I am reading "Interlacing Eigenvalues and Graphs" by Willem H. Haemers. Right at the start in the proof of theorem 2.1 there is a step (marked in a red box below) which I do not understand. My knowledge of linear algebra is not good enough.
..
What do we know?
- $m < n$
- $u_1, ..., u_n$ are the orthonormal basis in $\mathbb R^n$ of symmetric martix $A$
- $S \in \mathbb R^{n,m}$ and $S^\intercal \in \mathbb R^{m,n}$
- Since $S^\intercal \circ S = I_m$, it follows that $S$ has rank $m$ and the column vectors $y_1,...,y_m \in \mathbb R^n$ of $S$ are an orthonormal system.
- The matrix $S \circ S^\intercal \in \mathbb R^{n,n}$ is an orthogonal projector via $S \circ S^\intercal = \sum_{\ell = 1}^m y_\ell\circ y_\ell^\intercal$.
- There is a vector $s_i \in \mathbb R^m\setminus \{0\}$ with $s_i \in \left\langle S^\intercal \circ u_1,...,S^\intercal \circ u_{i-1}\right\rangle^\perp$.
Question: Why do these properties imply that $S \circ s_i \in \left\langle u_1,..., u_{i-1}\right\rangle^\perp$.
Note that there is a typo in the red box above: $u_{n-1}$ is wrong but $u_{i-1}$ is correct.

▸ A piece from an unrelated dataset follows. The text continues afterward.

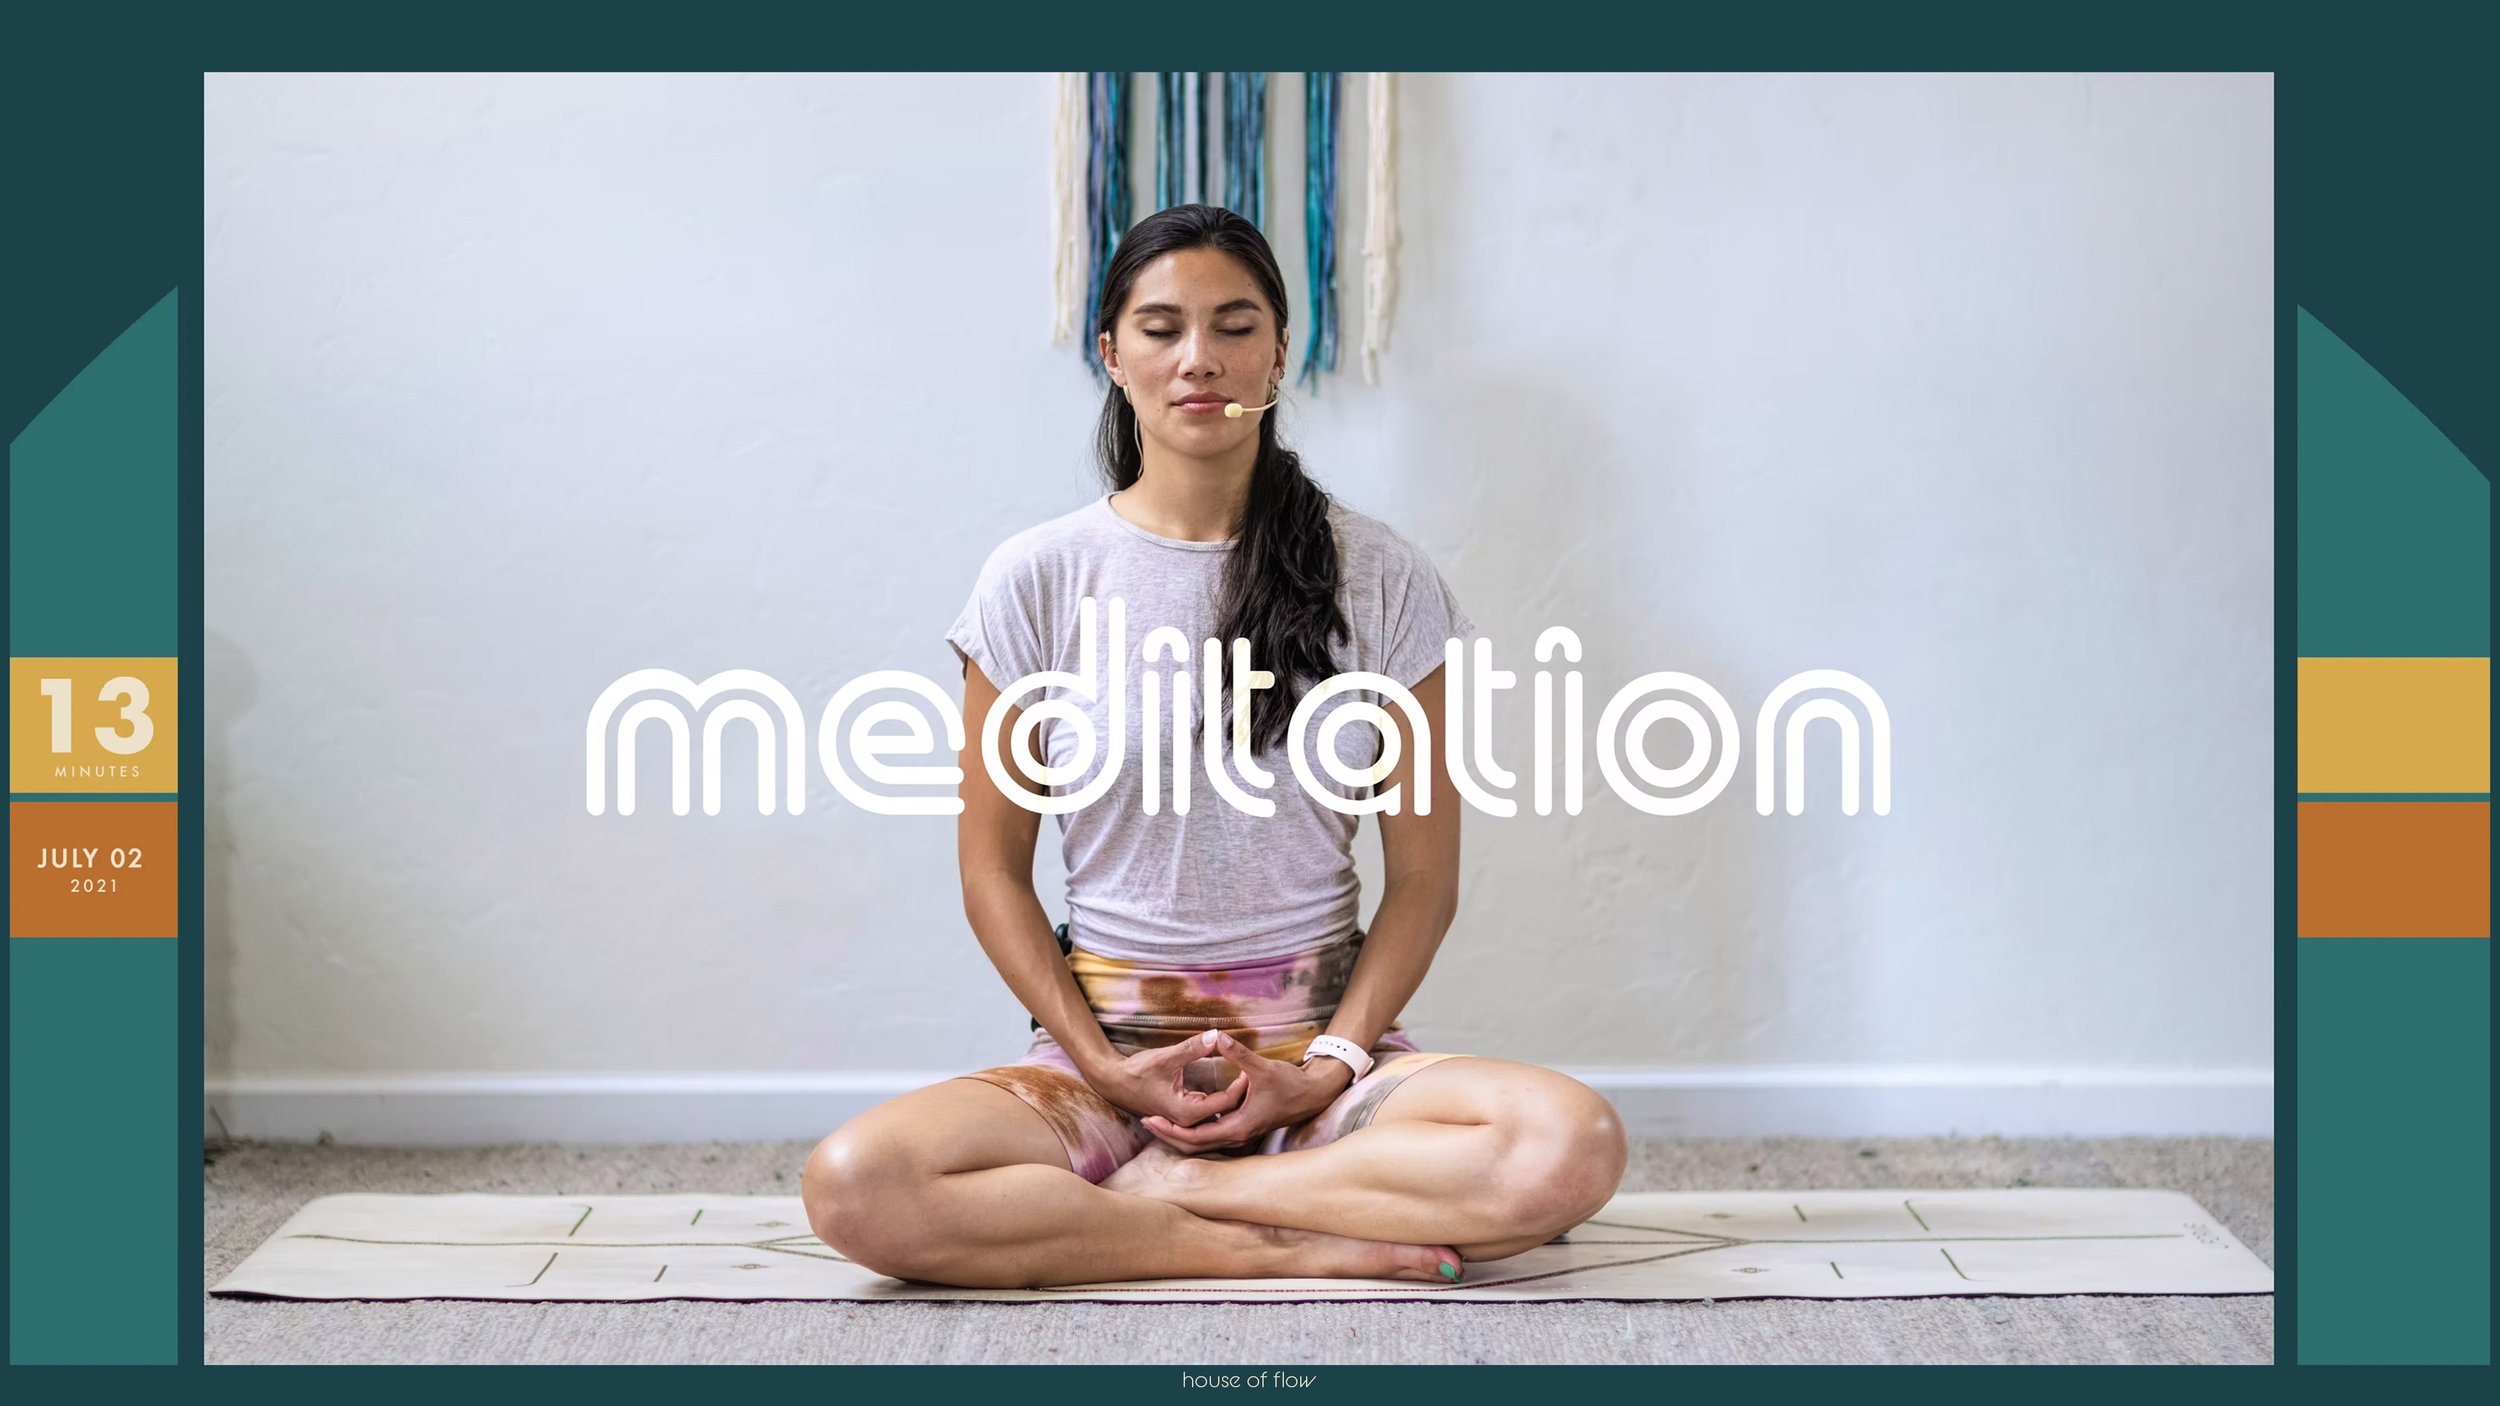 Meditation | Positivity | 13 minutes

Thank you for your thoughts!
If $\ s_i \in \langle S^\intercal u_1, \dots, S^\intercal u_{i-1}\rangle^\perp\ $ then $\ s_i^\intercal S^\intercal u_j = 0\ $ for $\ j=1,2,\dots,i-1\ $. Taking the transpose of these equations gives $\ \ u_j ^\intercal Ss_i = 0\ $ for $\ j=1,2,\dots,i-1\ $—that is, $\ Ss_i \in \langle u_1, u_2, \dots, u_{i-1}\rangle^\perp\ $.